Use of Bayesian hierarchical model What is the purpose of Bayesian hierarchical model? When should I use such models?
I've found many questions here and references on the web but they are all too technical. My doubts are about the application of such models, and about their use as substitute of non-informative priors. 
From my professor's notes, 

Hierarchical models mediate two needs: the need to incorporate in the analysis "a priori" opinions about the coefficients of the model and the use of non-informative priors which, if not conjugated, involve big computational problems. 

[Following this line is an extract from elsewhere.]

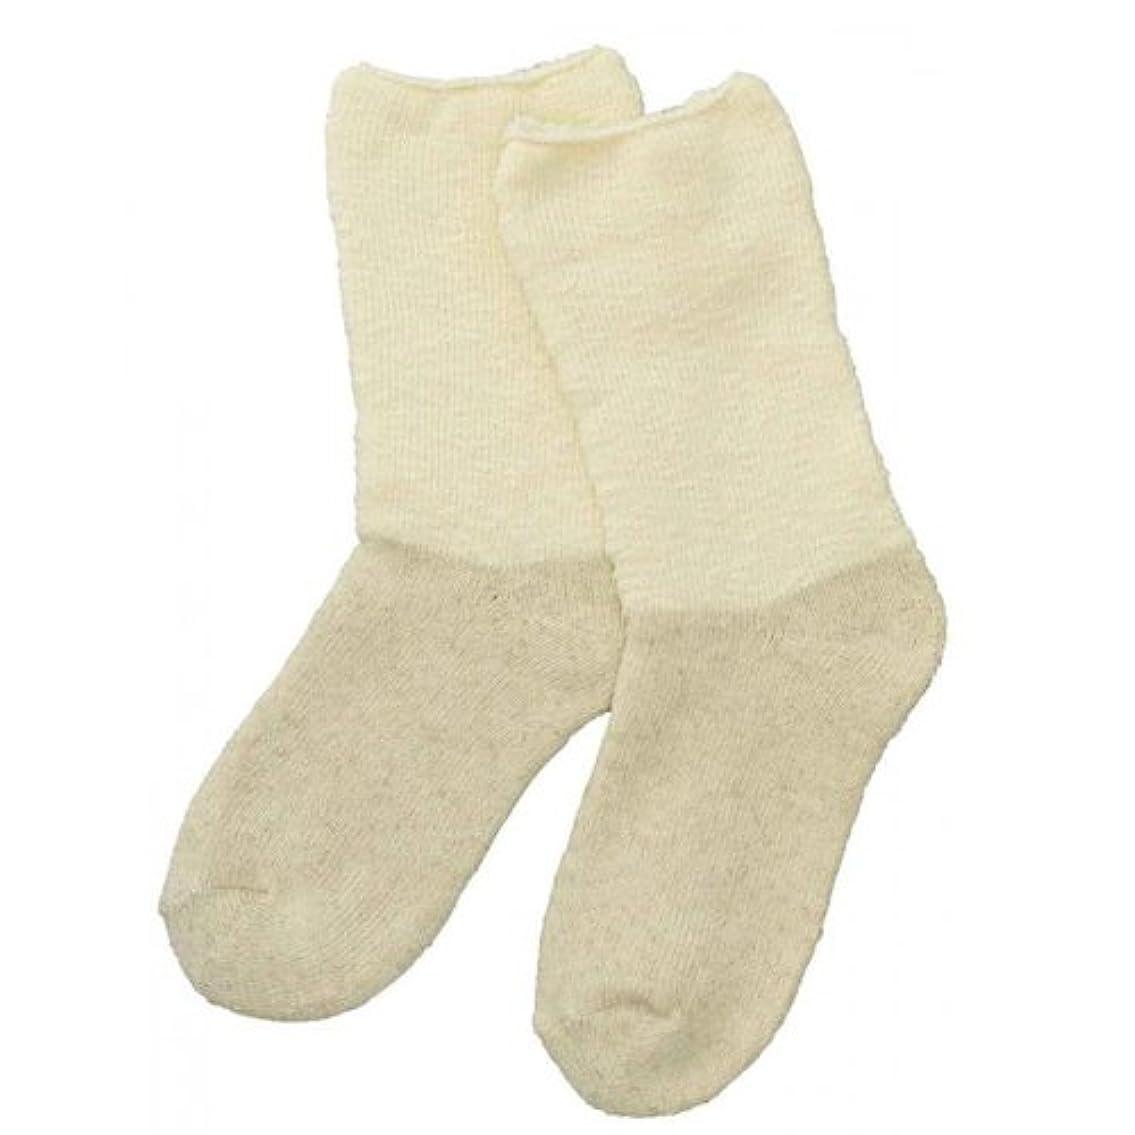 ペインギリック従順なクリープCarelance(ケアランス)お風呂上りのやさしい靴下 綿麻パイルで足先さわやか 8706CA-31 クリーム

 A: To the best of my knowledge, there is no opposition between Bayesian models (BM) and hierarchical Bayesian models (HBM) (see e.g. Relation between Bayesian analysis and Bayesian hierarchical analysis?) and the fact is that, analytically, HBMs are BMs. Hierarchical models simply allow you to design a convoled prior structures that is more likely to represents e.g. interactions between variables of your model and thus to provide more suited inference. 
Then you should use hierarchical model at the instant hyperparameters appear naturally in the modeling of your problem. A simple example is when you need to account for individual level and group level variation for example:
$$
y_{ij} \sim N(\mu_j,\sigma^2_j) \mbox{, (individual level variation)}
$$
$$
\mu_j \sim Gamma(k_{\mu},\theta_{\mu}) \mbox{, (group level variation)}
$$
with $k$ and $\theta$ (and $\sigma^2_j$ if unknown) assigned to well chosen priors.
A: In my opinion, there are two different aspects to your question:


*

*when should I use a hierarchical model?

*when should I perform a Bayesian analysis?


When should I use a hierarchical model?
An advantage to using hierarchical models is their flexibility in modeling the continuum from all groups have the same parameters to all groups have completely different parameters. For example, the normal hierarchical model (with a known variance of 1 for simplicity) is
$$ y_{ij} \stackrel{ind}{\sim} N(\theta_j, 1), \quad \theta_j \stackrel{ind}{\sim} N(\mu,\sigma^2) $$
for groups $j=1,\ldots,J$ and individuals $i=1,\ldots,n_j$ in each group. If the means of each group are actually similar (or identical) then $\sigma^2$ will be estimated to be small and the resulting inference for the individual $\theta_j$ will be almost the same as if you had just assumed a common mean $\theta$ for all groups. In contast, if the groups have very different means, then $\sigma^2$ will be large and the resulting inference for the individual $\theta_j$ will be almost the same as you didn't have the hierarchical model at all. Thus you didn't have to choose whether to use a model with a common mean for all groups or a completely independent mean for all groups, the hierarchical model allowed the data to tell you where you fell along that continuum. 
An additional advantage to hierarchical models occurs when the number of observations for groups varies widely. In these situations, the groups with smaller numbers of observations will have improved inference about their group parameters by borrowing information via the hierarchical model about the group specific parameters.  
When should I perform a Bayesian analysis?
Once you have decided to use a hierarchical model for your data, there is still the question of how you will estimate parameters and account for their uncertainty. While there are other options, many people will opt for a Bayesian analysis because of the computational tools, e.g. Markov chain Monte Carlo, and the propagation of uncertainty, e.g. uncertainty in $\mu$ and $\sigma^2$ gets propagated to uncertainty about the $\theta_j$ group means. In order to perform a Bayesian analysis, you need a prior for unmodeled parameters, e.g. $\mu$ and $\sigma^2$ in the example, and, if there are enough groups and enough observations, you can generally be non-informative about these parameters.